You can either respond synchronously (just return a value, as above), or respond with a Promise. In that case, the lambda function will wait until the Promise resolves or rejects before responding. Please note that AWS currently uses Node.js 0.10.36, which does not include the standard Promise library, so you need to include a third party one. API Builder just checks for the .then method, so it should work with any A+ Promise library.

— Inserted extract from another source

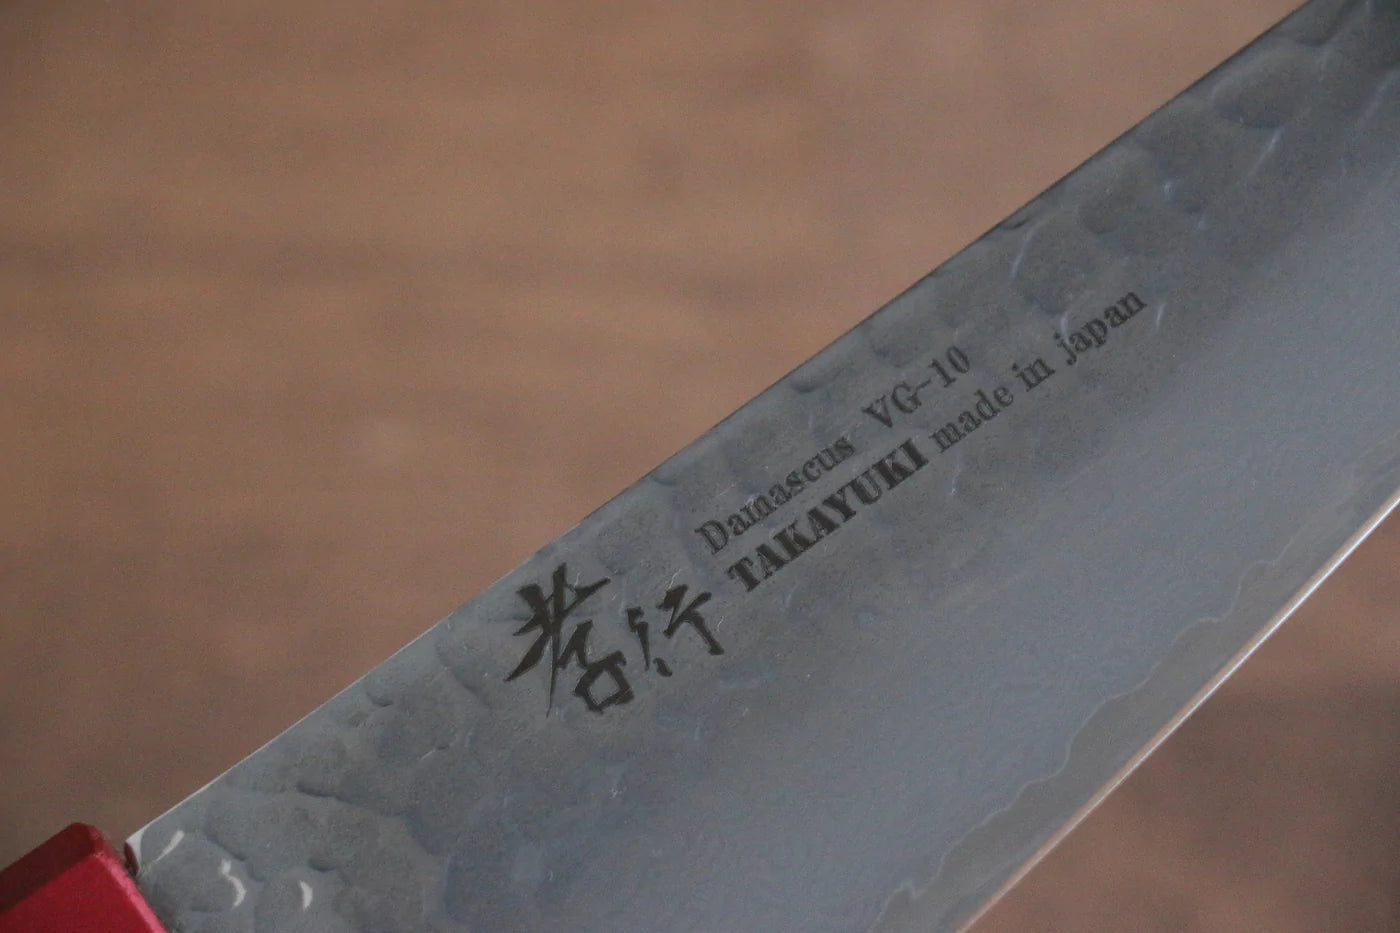 Hochwertiges japanisches Messer - SAKAI TAKAYUKI Sabaki-Messer (Honesuki) VG10-Stahl Damaststahl 33 Lagen 180 mm

Customising response codes and content types

By default, Claudia.js uses 500 as the HTTP response code for all errors, and 200 for successful operations. The application/json content type is default for both successes and failures. You can change all that by using the optional third argument to handler definition methods. All keys are optional, and the structure is:

  • error: a number or a key-value map. If a number is specified, it will be used as the HTTP response code. If a key-value map is specified, it should have the following keys:
    • code: HTTP response code
    • contentType: the content type of the response
  • success: a number or a key-value map. If a number is specified, it will be used as the HTTP response code. If a key-value map is specified, it should have the following keys:
    • code: HTTP response code
    • contentType: the content type of the response

These special rules apply to content types and codes:

  • When the error content type is text/plain or text/html, only the error message is sent back in the body, not the entire error structure.
  • When the error content type is application/json, the entire error structure is sent back with the response.
  • When the response type is application/json, the response is JSON-encoded. So if you just send back a string, it will have quotes around it.
  • When the response type is text/plain, text/xml, text/html or application/xml, the response is sent back without JSON encoding (so no extra quotes).
  • In case of 3xx response codes for success, the response goes into the Location header, so you can easily create HTTP redirects.

To see these options in action, see the Serving HTML Example project.